La casa donde vivíamos no tenía cielo falso. Mirabas hacia arriba y solo veías tablas sucias y telarañas. A veces me acostaba en el sofá y pensaba en conseguir una escalera para limpiar todo. Luego pensaba que sería un trabajo inútil, porque el verdadero problema era el techo de asbesto. Cómo odiaba esa casa esquina.

Había que salir a conseguir leña en ese entonces,  y a veces la madera venía húmeda y llena de gusanos. Tenías que conformarte con pasar horas tratando de prender esa leña llena de agua. La mayor parte del tiempo no tenía duda de que vivíamos en un pueblo de granujas, salvo excepciones. Una de ellas era el negro, que atendía el quiosco frente a la plaza. Al negro lo ubicaba de hace muchos años, cuando pasaba por ahí de vuelta del colegio. Lo recuerdo muy serio a principios de los 90, con sus hijos jugando alrededor del kiosko. Puede que mi mamá le haya hecho clases a alguno de ellos. 

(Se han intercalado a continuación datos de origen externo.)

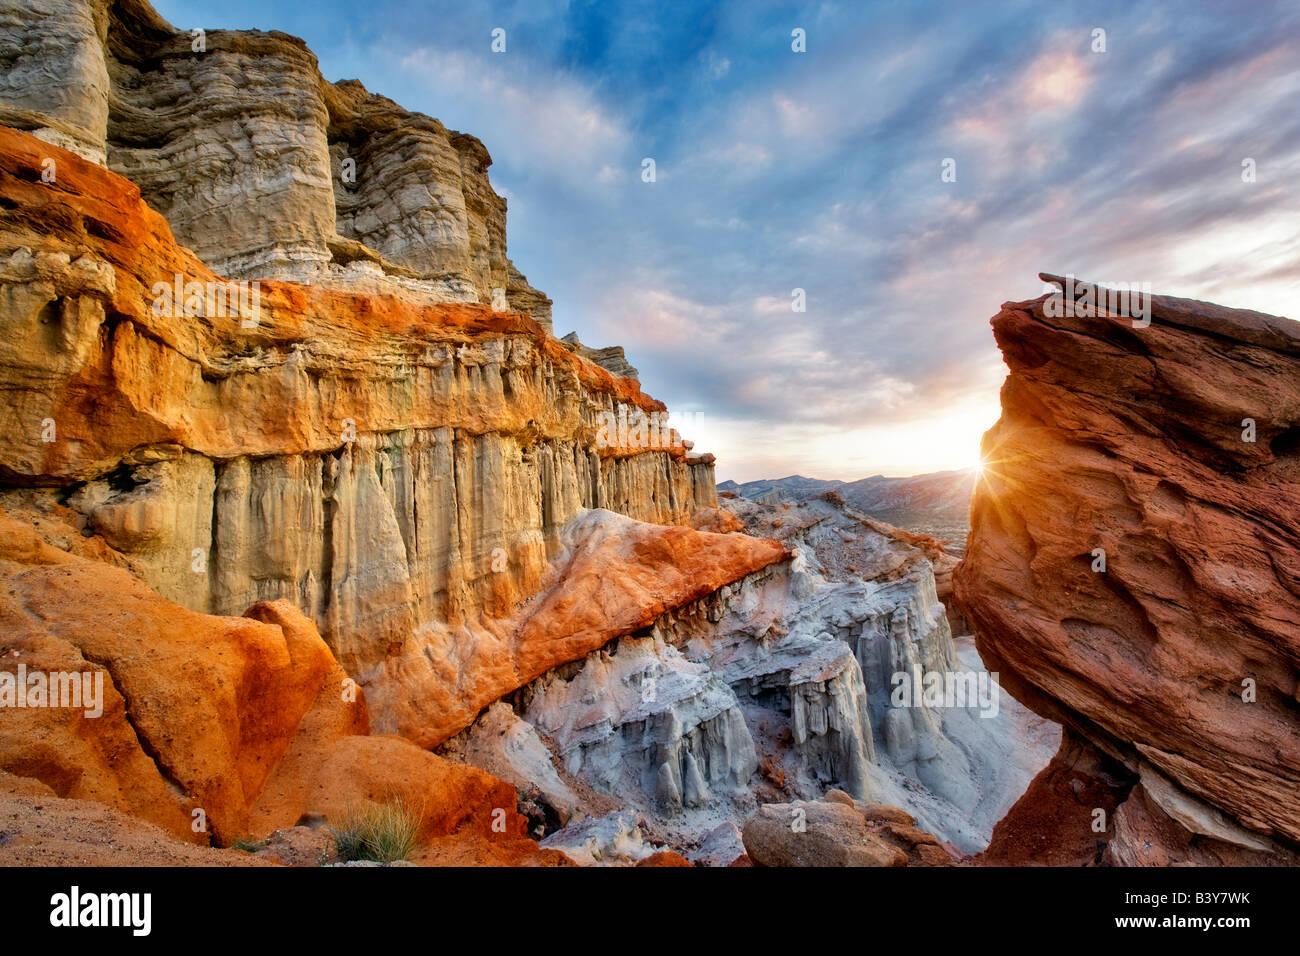 Les nuages gonflés et des rochers de grès colorés au Red Rock Canyon State Park en Californie Photo Stock

Siempre compraba las Rockdelux en el kiosko del negro. Digo siempre pero debería decir eventualmente porque la revista llegaba con un desfase de seis meses como mínimo. Cada vez que pasaba por ahí y veía una portada nueva (estoy pensando en una portada furiosamente amarilla con The Strokes en un día especialmente gris) me sentía como un niño y me acercaba a la ventanilla y hablaba con el negro, que me fiaba sin reparo. Para el negro yo era el profe, porque trabajaba haciendo clases en una universidad de mala muerte. Había tomado el lugar de mi madre en esa ciudad de calles angostas y tal vez el negro me respetaba por eso.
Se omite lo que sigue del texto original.